Pour toutes les Catégories mentionnées ci-dessus, il est possible d’avoir par édition génomique dans une même plante plusieurs allèles édités (ou gènes insérés).  Dans ce cas chaque allèle édité (ou gène inséré) sera analysé indépendamment selon les critères définis ci-dessus.  Si les allèles édités (ou gènes insérés) entrent dans la même catégorie, la plante appartient à cette catégorie.  Si les allèles édités (ou gènes insérés) sont de catégories différentes, la plante finale devra satisfaire à chaque catégorie pertinente pour être exclue.  Si l’on procède, dans une plante déjà exclue, à une nouvelle édition sur un autre allèle, seule la confirmation de l’exclusion pour cet allèle devra être demandée.

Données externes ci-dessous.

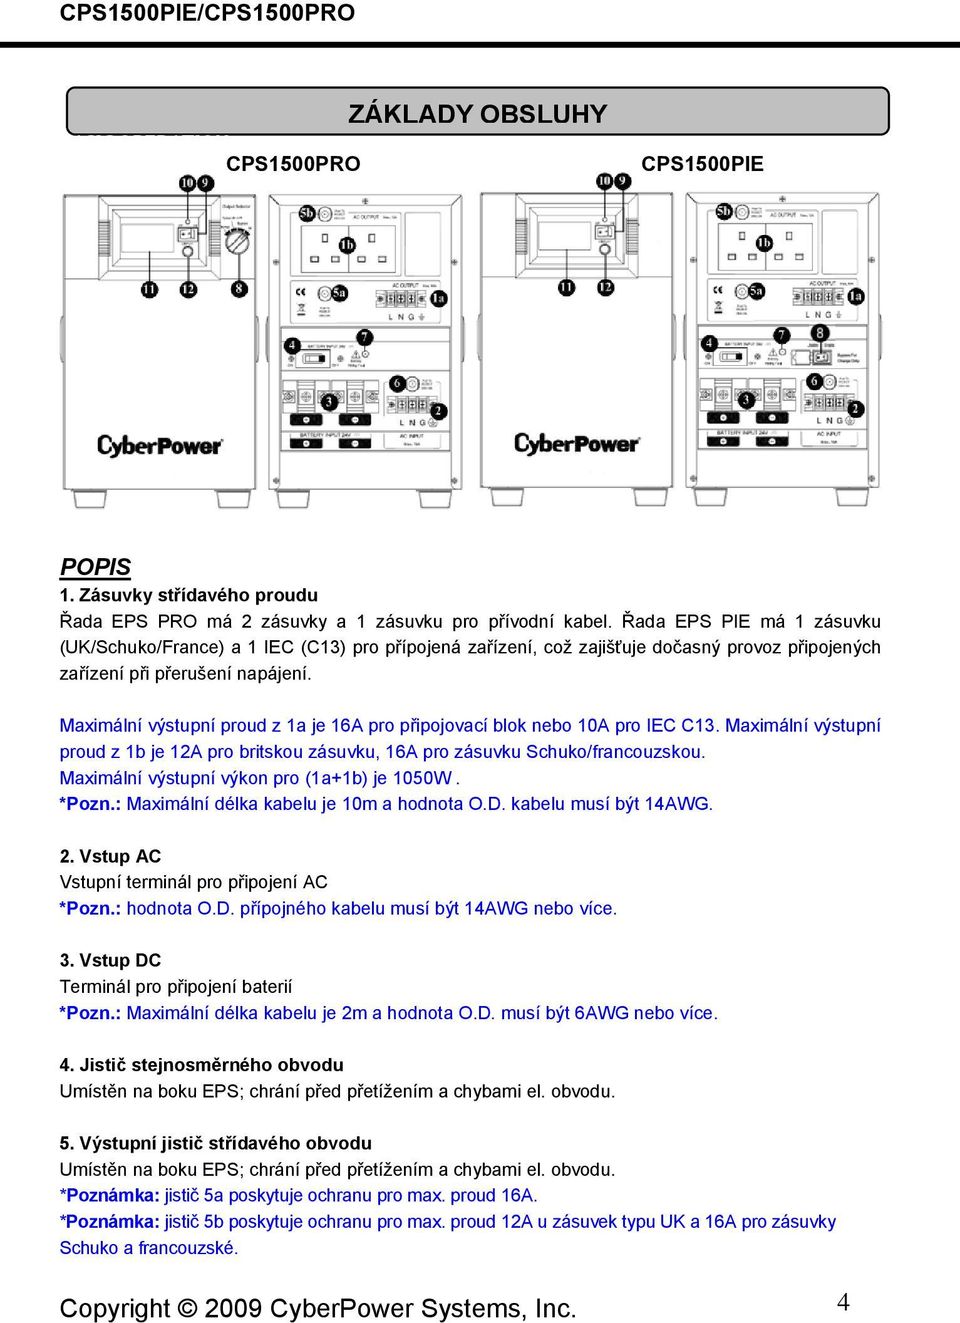 Maximální výstupní proud z 1a je 16A pro připojovací blok nebo 10A pro IEC C13. Maximální výstupní proud z 1b je 12A pro britskou zásuvku, 16A pro zásuvku Schuko/francouzskou.

Vous trouverez, dans l’annexe 2, ci-jointe, pour chaque catégorie de plante, des exemples basés sur des publications scientifiques ou sur des dossiers réglementaires accessibles dans les bases de données publiques.

À mesure que les connaissances scientifiques et les progrès techniques évoluent, de nouvelles catégories pourront être ajoutées à l’Annexe I C de la Directive (voir également le point 4 ci-dessous).

3- Mettre en place un processus réglementaire nouveau et prévisible pour ces catégories de plantes éditées : Une confirmation de l’exclusion de la plante éditée en développement devra être obtenue par le Développeur (notifiant).  Le processus de confirmation devra être adapté à la catégorie de la plante.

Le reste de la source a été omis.